Mark Lankester is the British-born hospitality executive who has served as Group CEO of Tune Hotels since the company’s 2007 launch in Kuala Lumpur. He previously worked at Warner Music Group across music and gaming before moving into hospitality.
What is Tune Hotels?
Tune Hotels is a Malaysia-based value hotel chain co-founded in 2007 by Tony Fernandes as part of the Tune Group portfolio. The chain operates on a "5-star sleeping experience at a 1-star price" positioning with aggressive pay-as-you-use add-ons.
How many Tune Hotels are operating in 2026?

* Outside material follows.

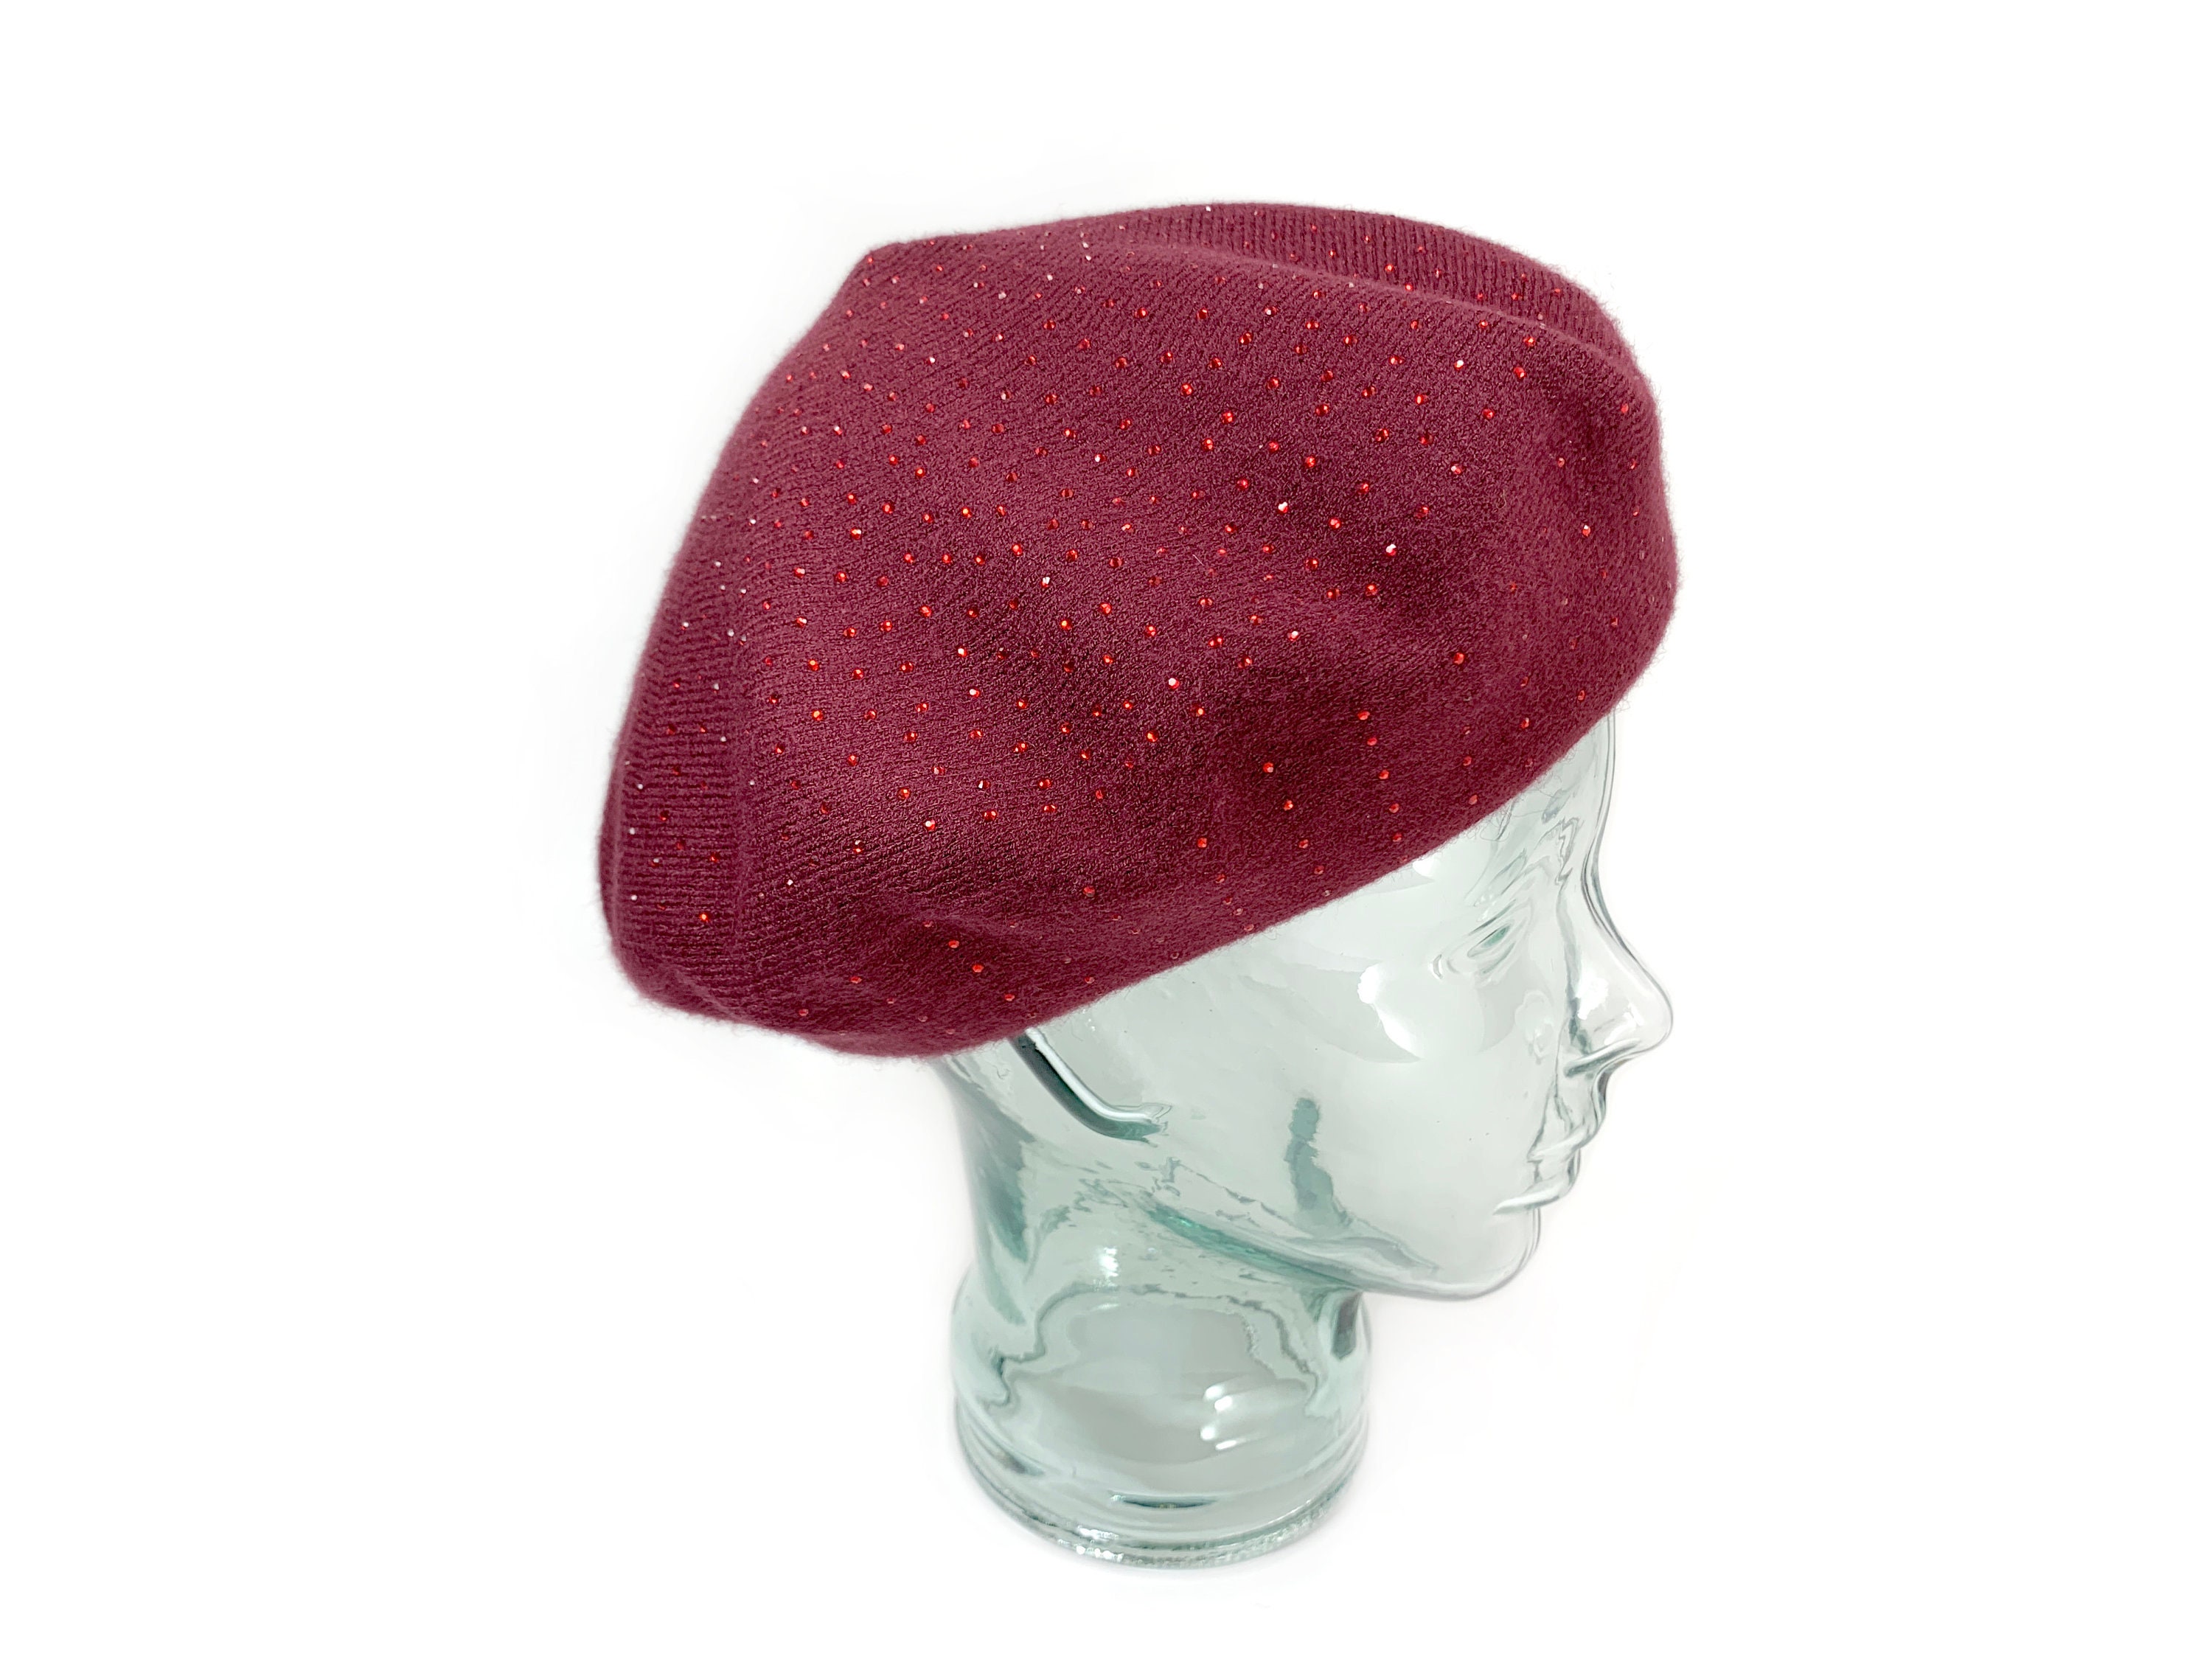 Burgundy Knit Beret, Cashmere Blend Beret With Sparkle, Reversible Soft Wool Beret, Retro Style Winter Hat For Women

Approximately 9 locations as of 2024 per Wikipedia, down from a peak of 41 properties operational or in development around 2012. The footprint has contracted materially over the past decade.
What is Lankester’s connection to Tony Fernandes?
Childhood-friend relationship dating to their UK schooling. Fernandes recruited Lankester to launch Tune Hotels in 2007 despite no prior hospitality experience. Lankester served as advisor to Fernandes on The Apprentice Asia in 2013.
What awards has Lankester received?
Outstanding Entrepreneurship Award 2012 from the Asia Pacific Entrepreneurship Awards (APEA). Tune Hotels under his leadership won the Asia Pacific Brand Laureate Award in 2011 and Top 20 Most Innovative Brands in Indonesia 2010.
What did the 2015 Tune Hotels restructure change?
The April 2015 restructure split leadership between Lankester (Brand, Assets and Capital Markets as CEO) and Frank Trampert (Development and Hotel Management). The restructure was intended to accelerate global expansion. The expansion did not materialize at the originally projected scale.